Which is quite readily soluble in water, and readily formed near, say, the highly acidic environment near an underwater volcano. Which, surprise!, even to this day supports life based on purely anaerobic chemotrophic mechanisms.
People do tend to forget that Early Earth, when life started, was a bit....different... in ecology than nowadays.
Either 'I cant work out how life started on a warm wet chemical rich earth so it must have formed in cold barren space' or 'it was somehow created on another warm wet chemical rich planet and was somehow blasted into space in a way that somehow preserved the life from the massive acceleration required to do so to travel across space unaffected by radiation or time and magically land on earth without burning up in the atmosphere or suffering massive deceleration that regularly causes shocks that can shatter quarts let alone the remaining life in the missile!
Yep. Also, both ribose and deoxyribose are carbohydrates and contain no phosphorous; it's the phosphorous groups which link the sugars to form the backbone of the respective RNA and DNA molecules. DNA is double stranded and RNA is single stranded, no helix shape.
Meep!
> Don't tell Trump He's got to kick himself out....

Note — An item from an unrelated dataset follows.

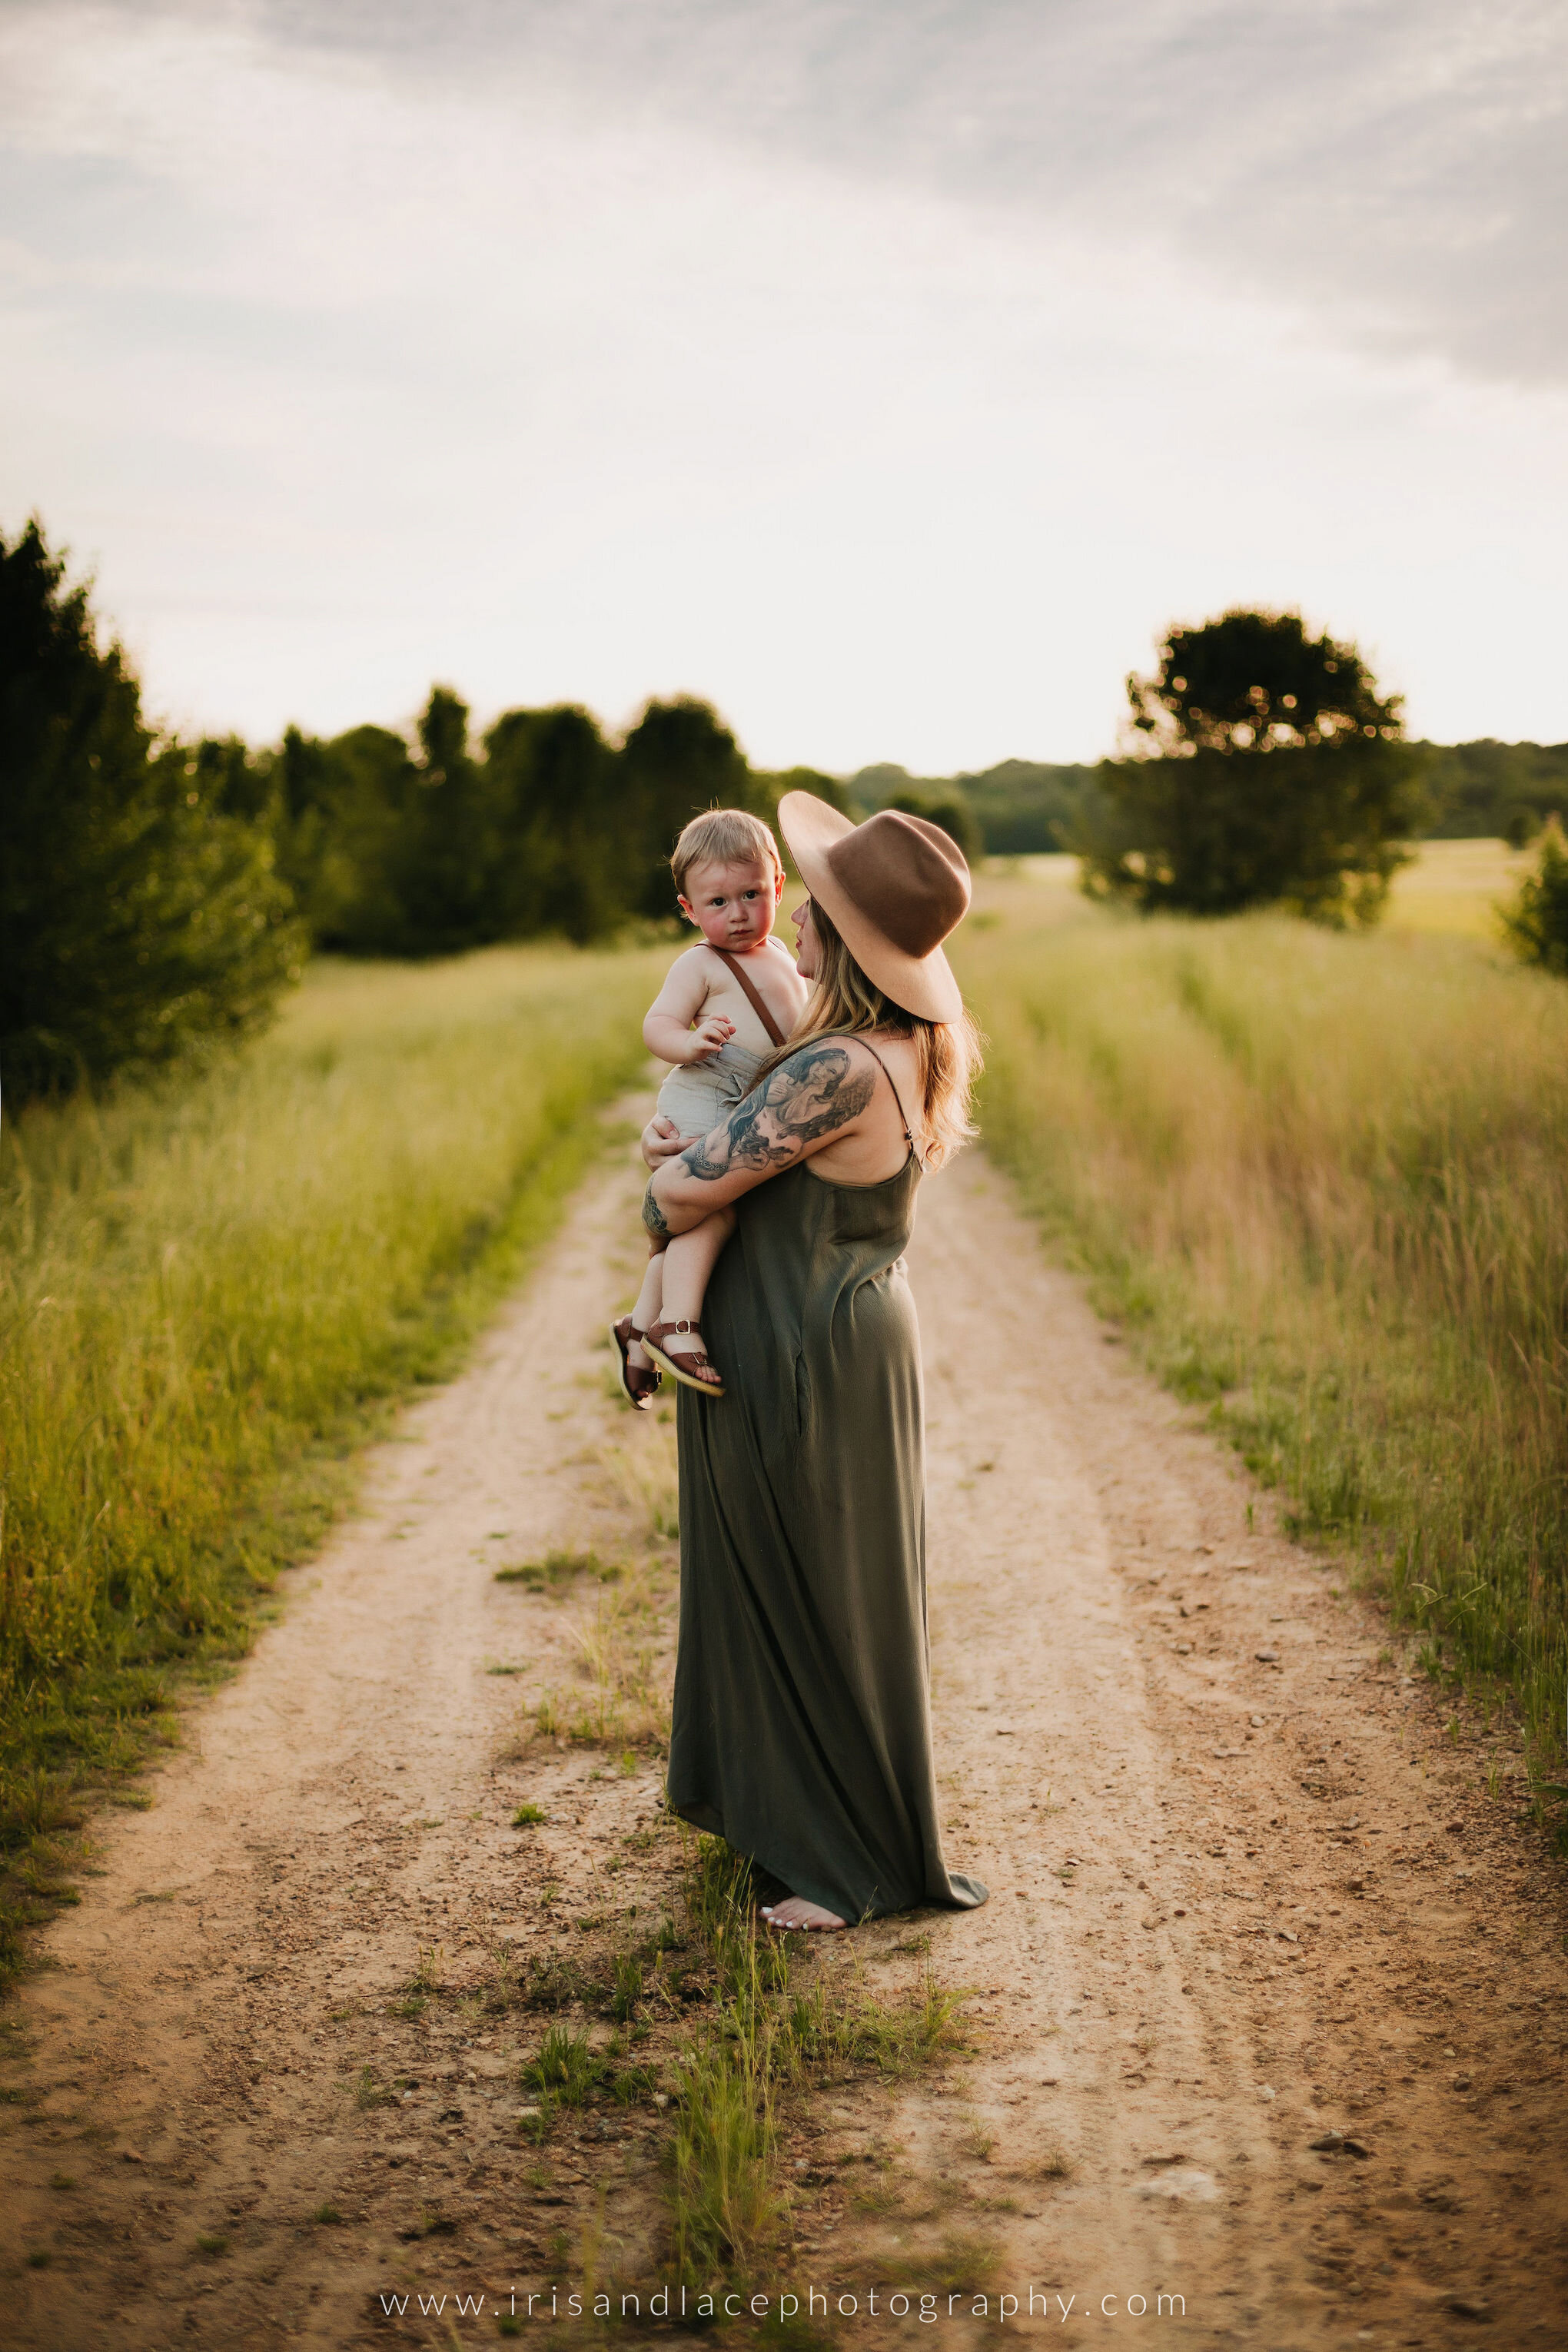 Mountain View, CA Family Photographer | Iris and Lace Photography

Oh, please do actually. Maybe he can practice just the kicking himself part first before getting to the "out" part.
If he needs to he can practice on Kavanaugh, McConnell and Graham first. I'd like that.
From the article:
>They then bombarded them with electrons in a vacuum chamber cooled to 5 Kelvin (-268 degrees Celsius). The electrons mimic the ionizing radiation from cosmic rays and the temperature matches the coldness of space.
Why not also ionizing radiation in the form of gamma, UV and X-rays? I am not sure how many free electrons there are in outer space but there is plenty of EM radiation and not only from the sun.